● **TASK DIRECTIONS**
From the records below, output exactly the lines starting at the line with "Melin A-Game Hydro Hat - Navy - TYLER'S" and ending at the line with "A magnificent and", both of them included, but no pictures.

● **EXERCISE MATERIAL**
▬▬▬▬▬▬▬▬▬▬

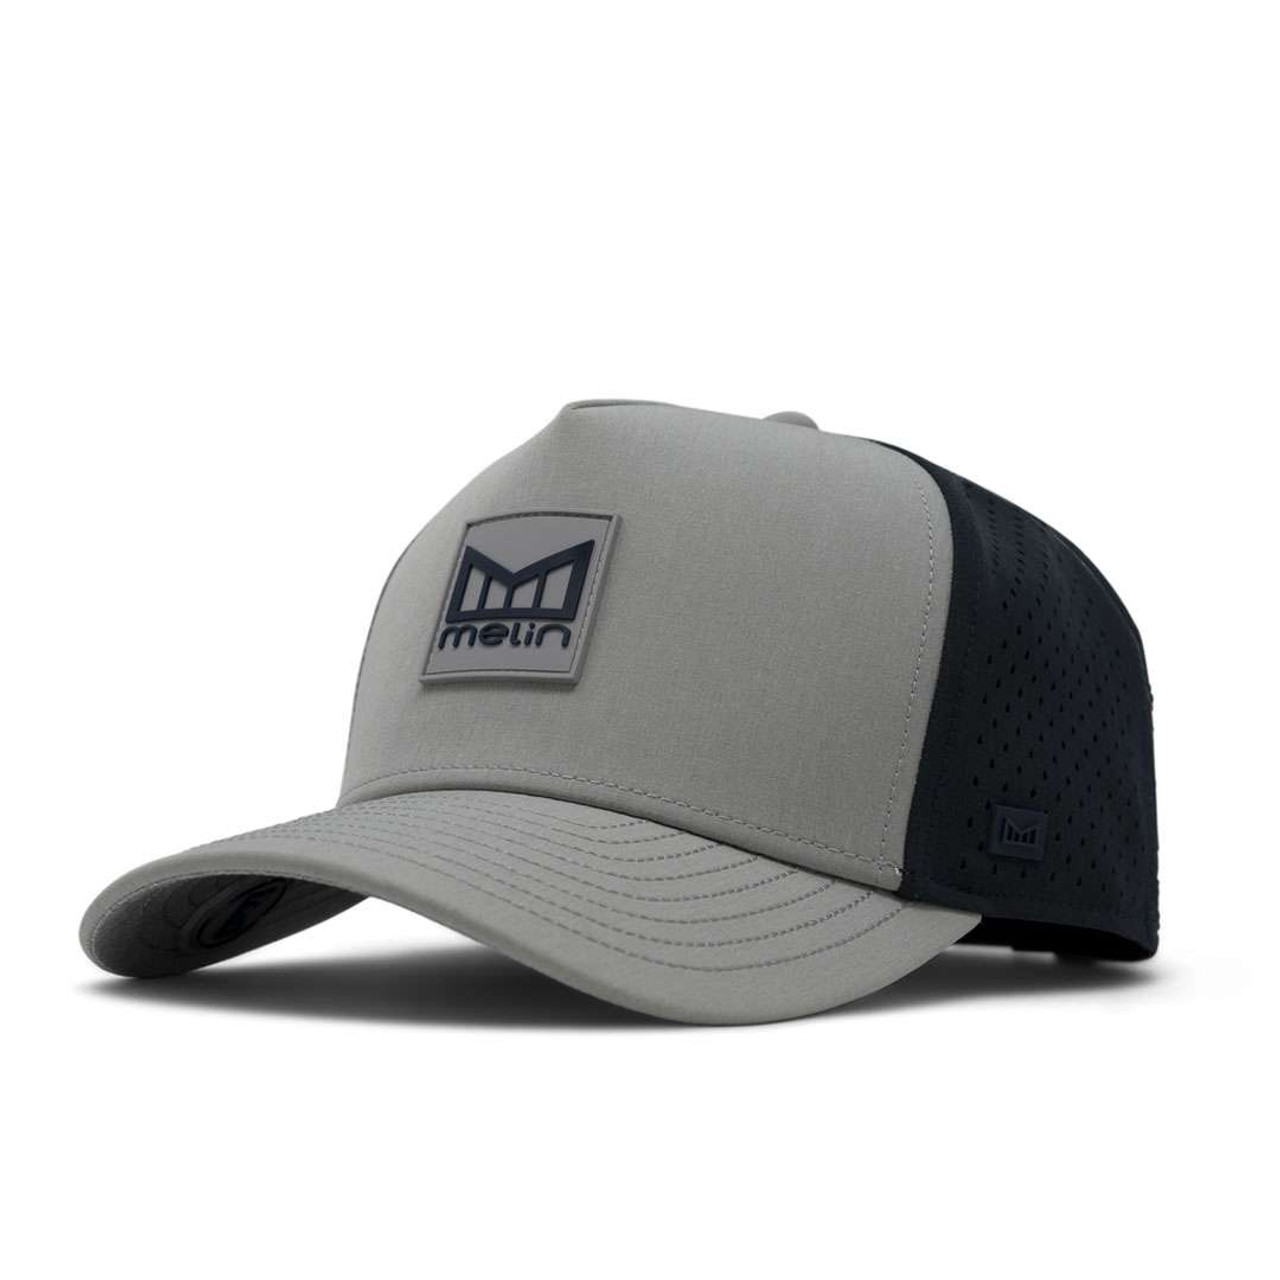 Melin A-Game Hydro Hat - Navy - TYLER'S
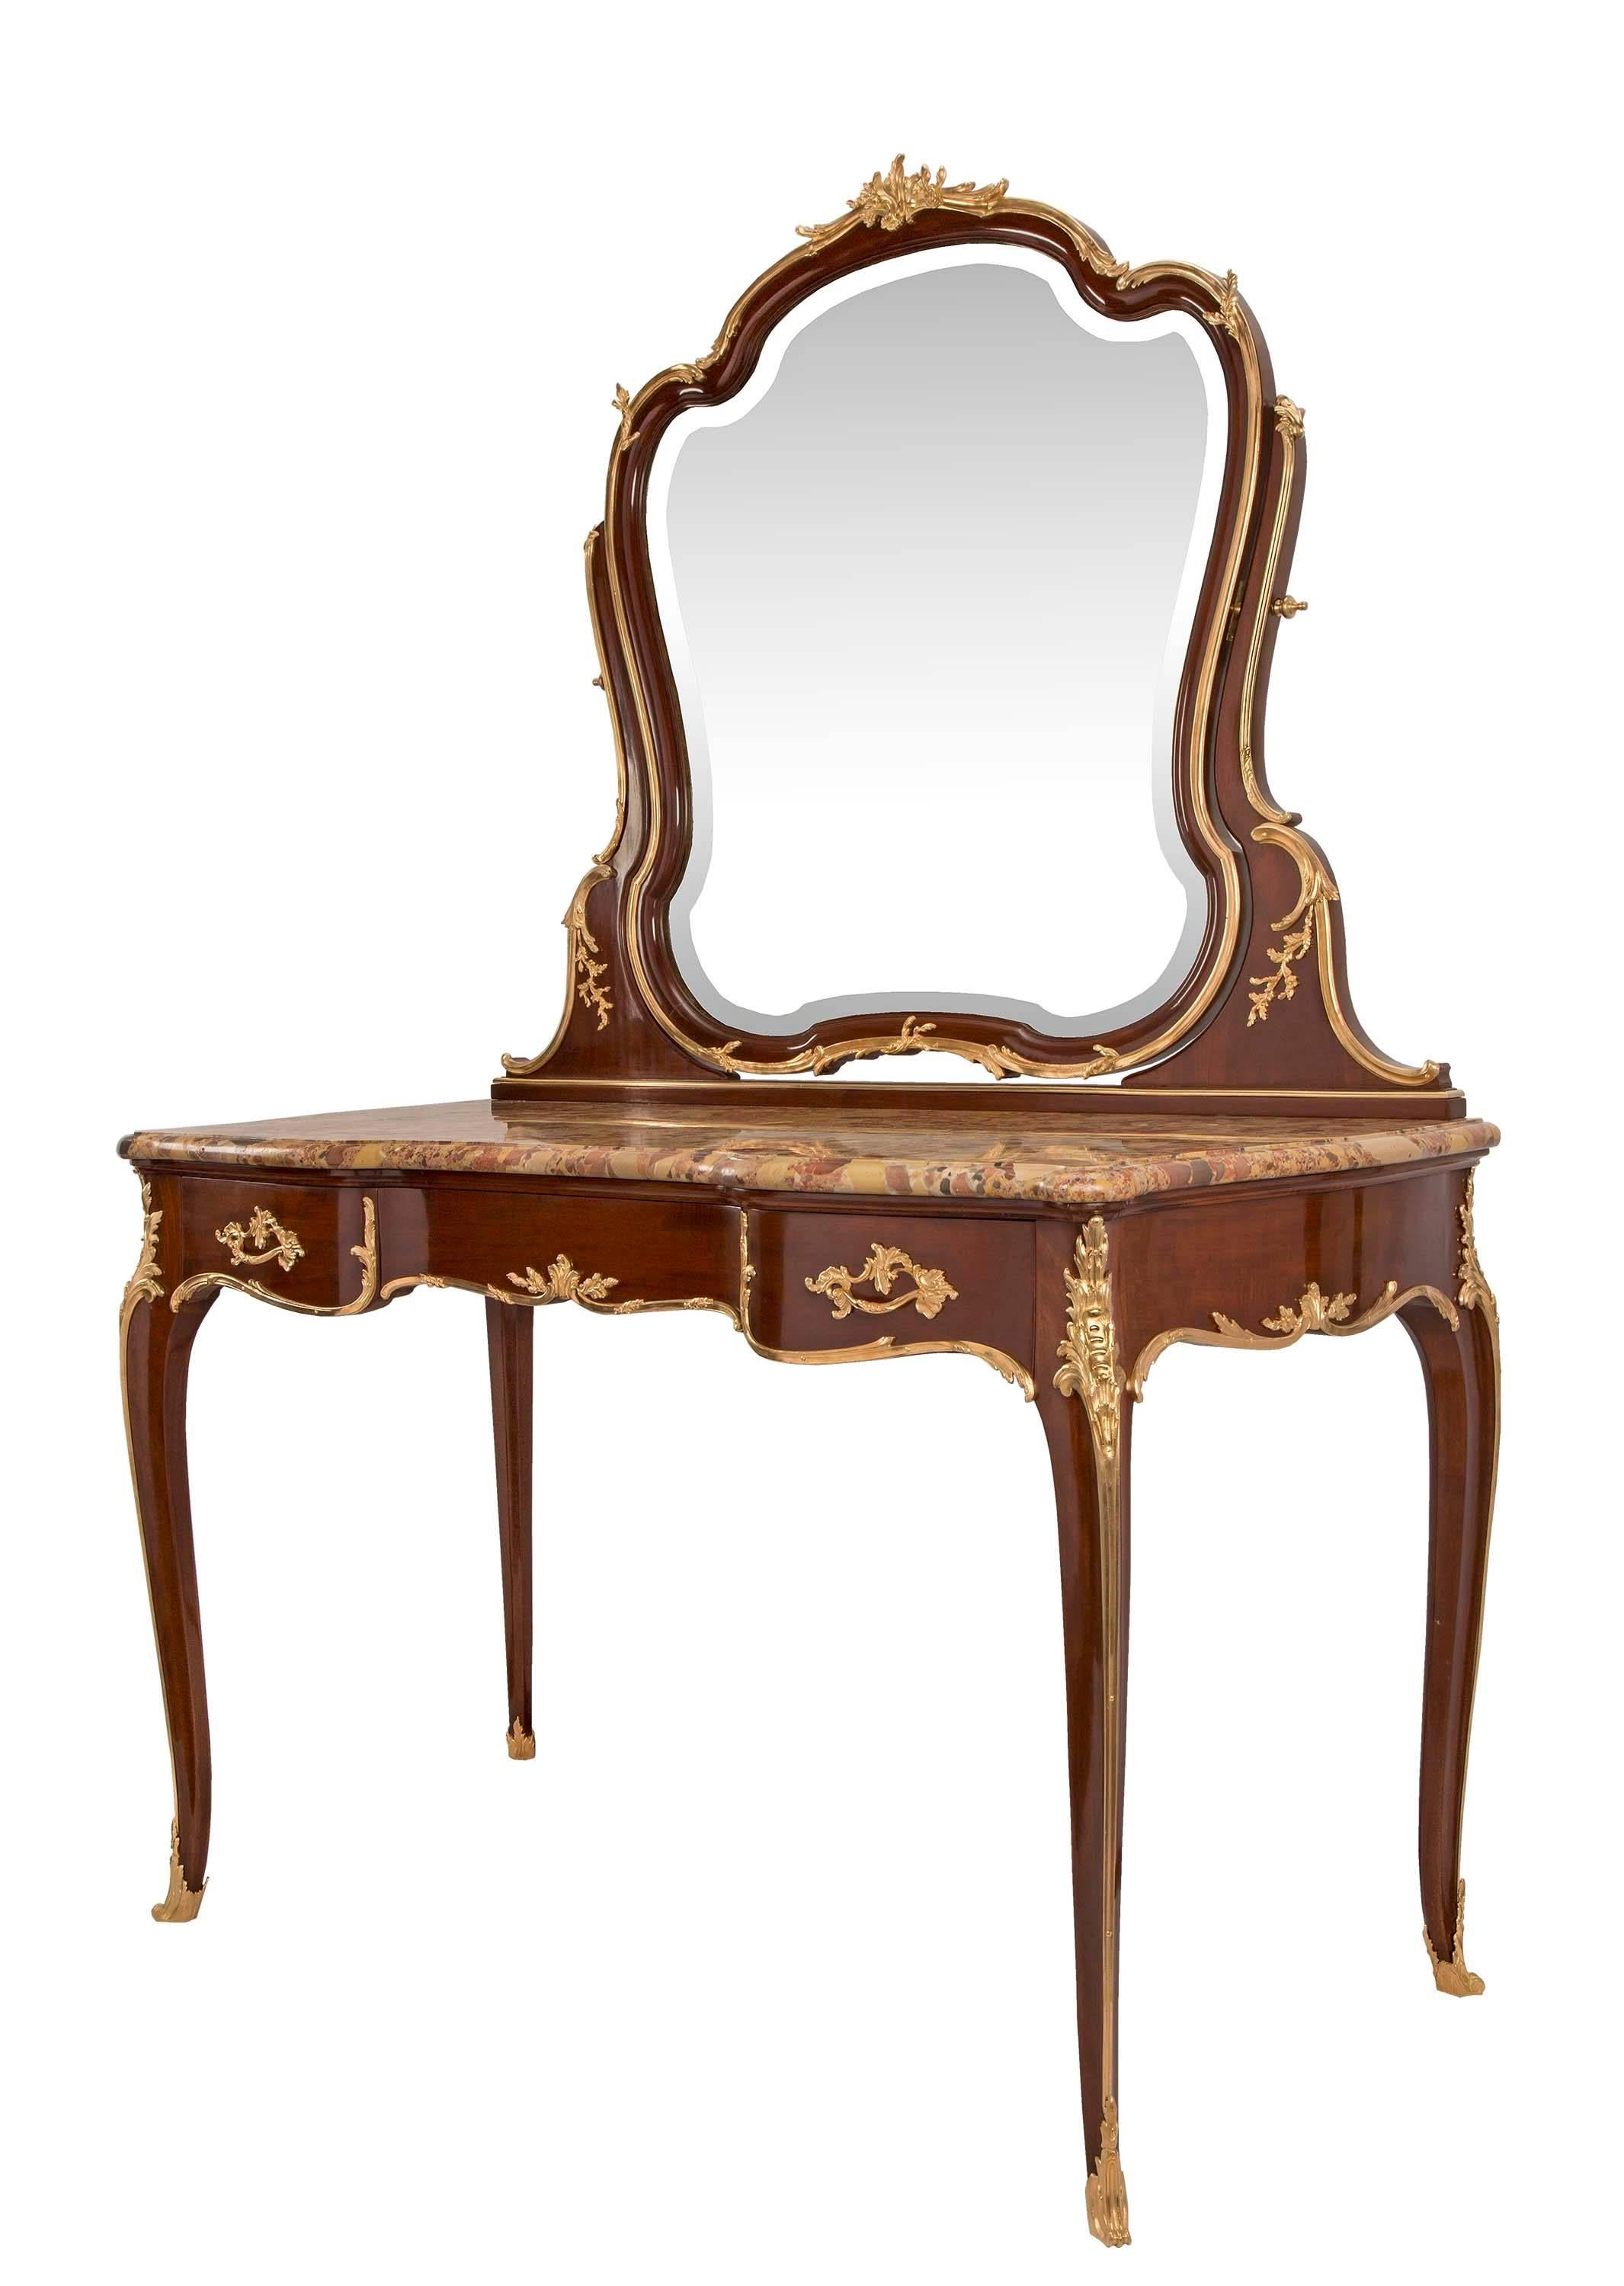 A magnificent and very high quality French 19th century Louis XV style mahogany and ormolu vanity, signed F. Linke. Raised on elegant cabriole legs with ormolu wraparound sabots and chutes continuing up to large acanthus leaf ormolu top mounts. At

▬▬▬▬▬▬▬▬▬▬

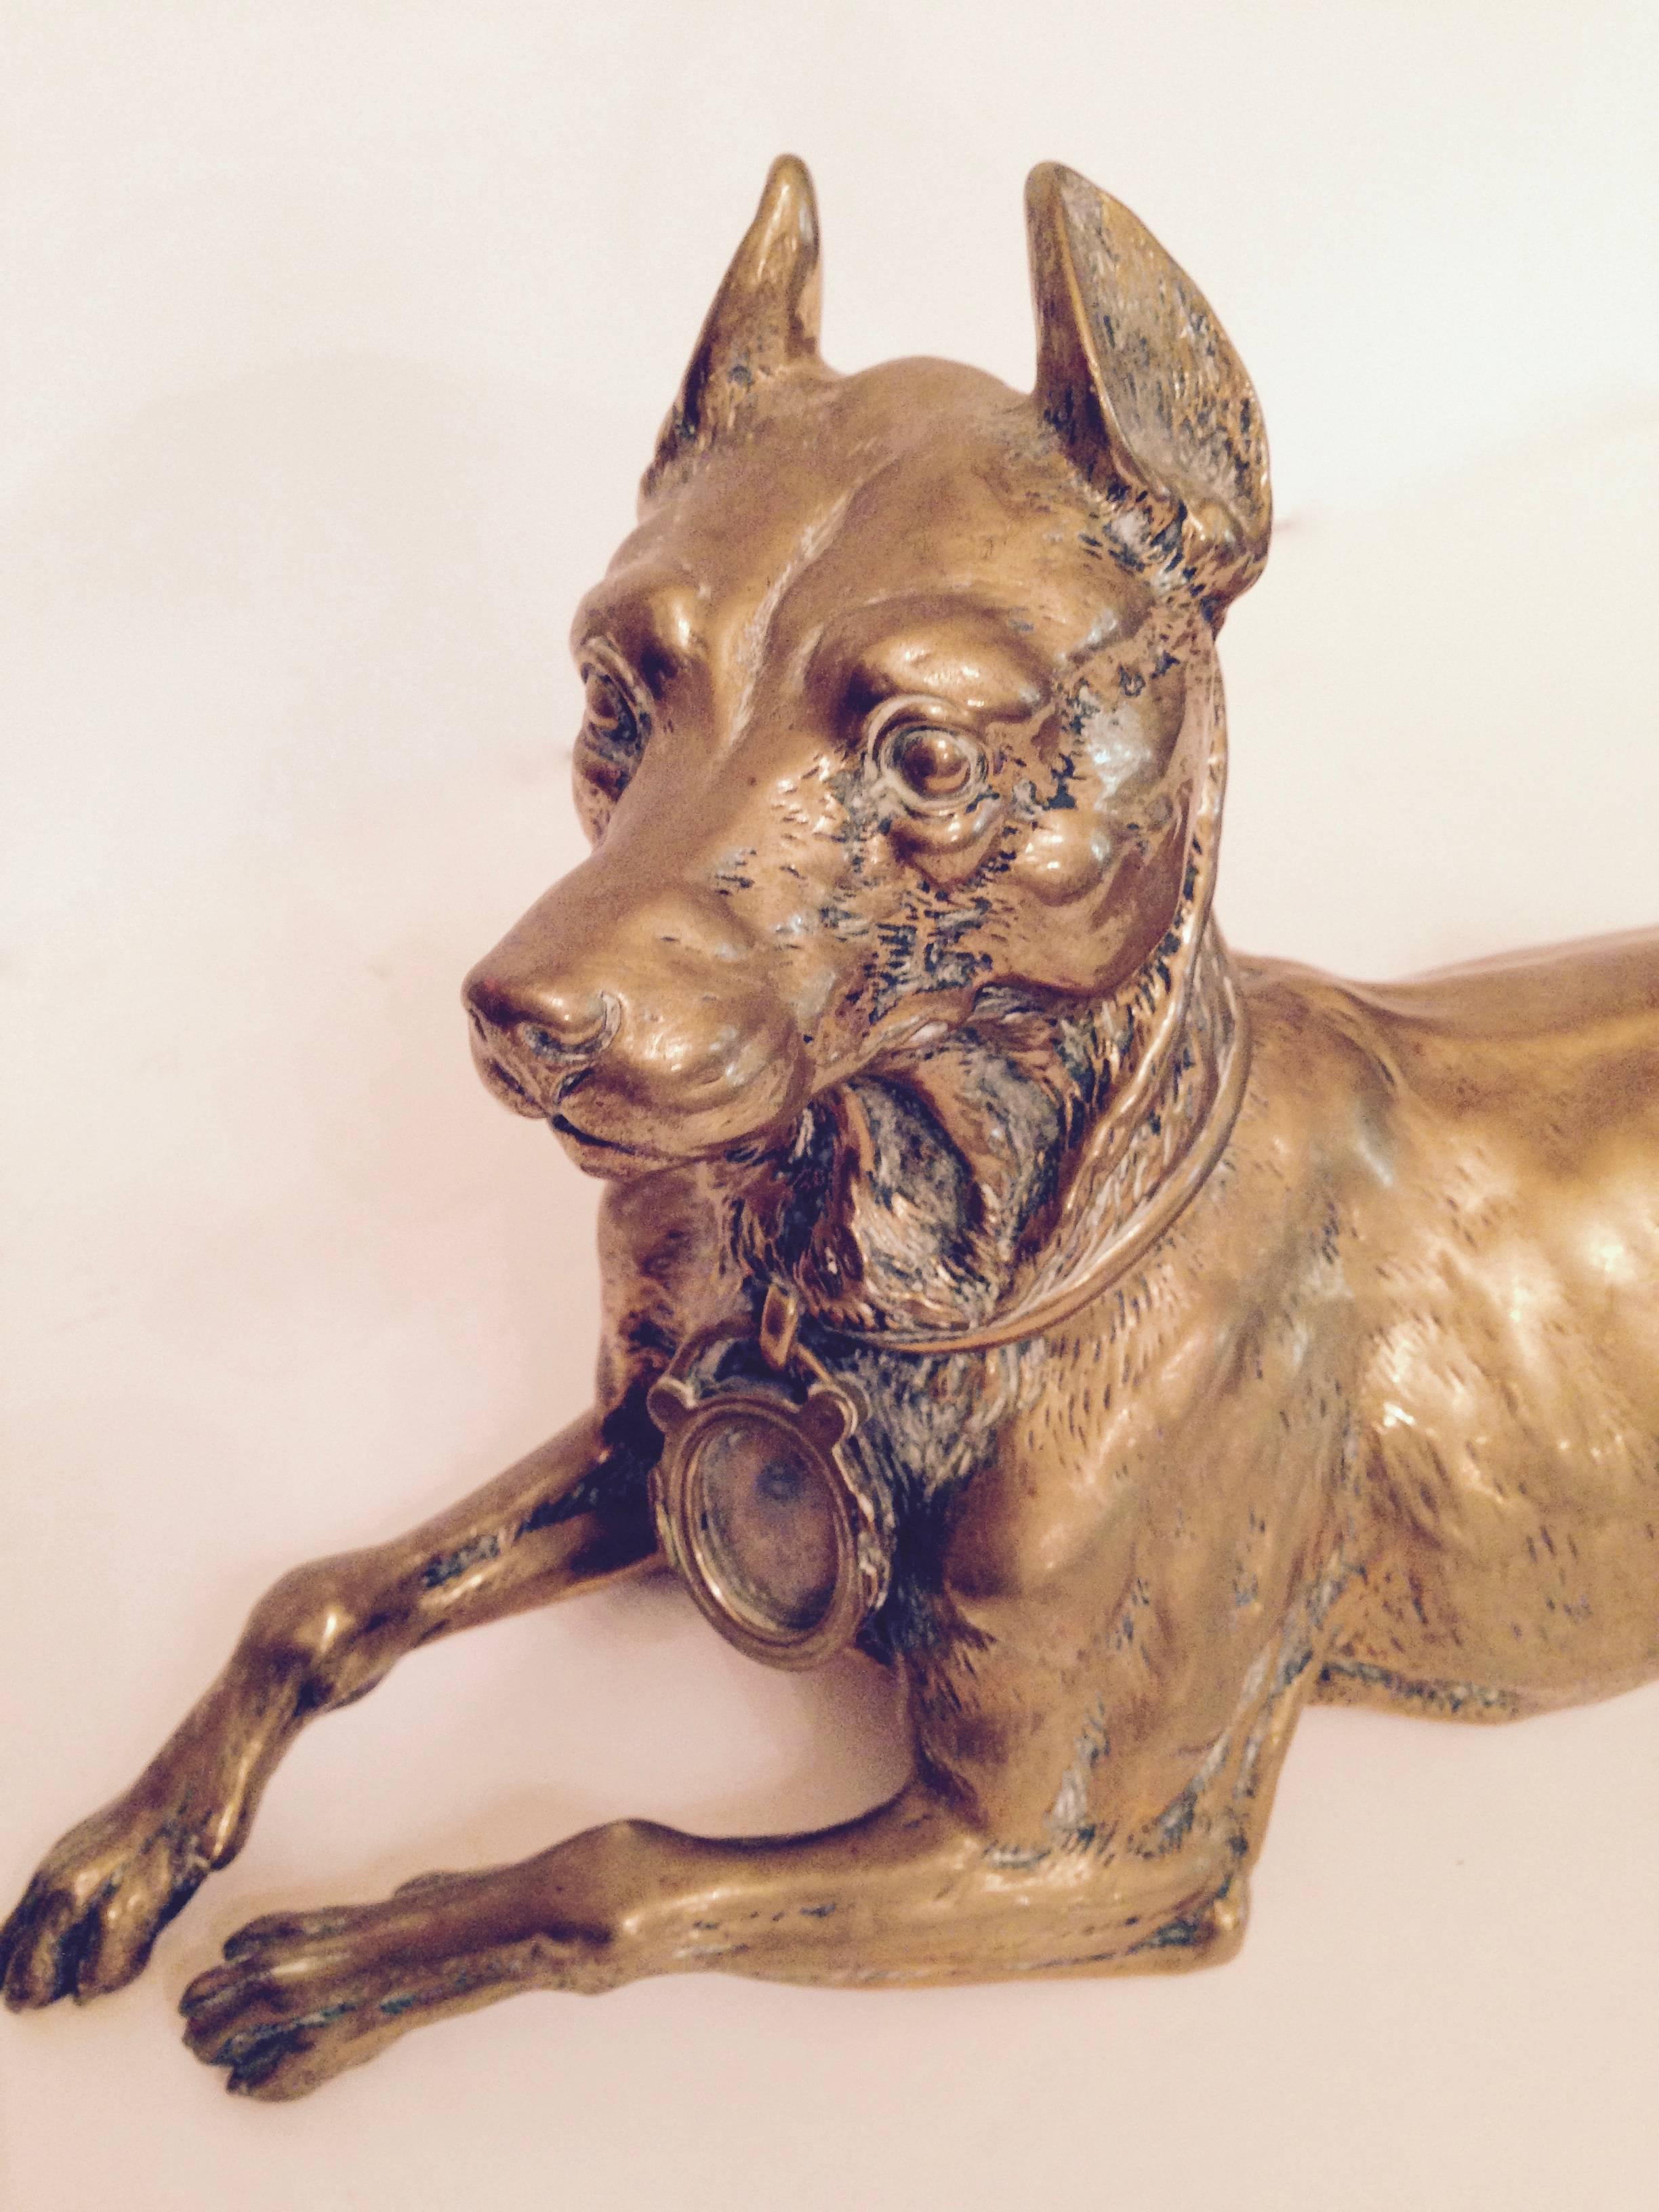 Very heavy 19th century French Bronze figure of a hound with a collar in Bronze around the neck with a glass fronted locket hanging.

▬▬▬▬▬▬▬▬▬▬

● **TASK RESPONSE**
 Melin A-Game Hydro Hat - Navy - TYLER'S
 A magnificent and very high quality French 19th century Louis XV style mahogany and ormolu vanity, signed F. Linke. Raised on elegant cabriole legs with ormolu wraparound sabots and chutes continuing up to large acanthus leaf ormolu top mounts. At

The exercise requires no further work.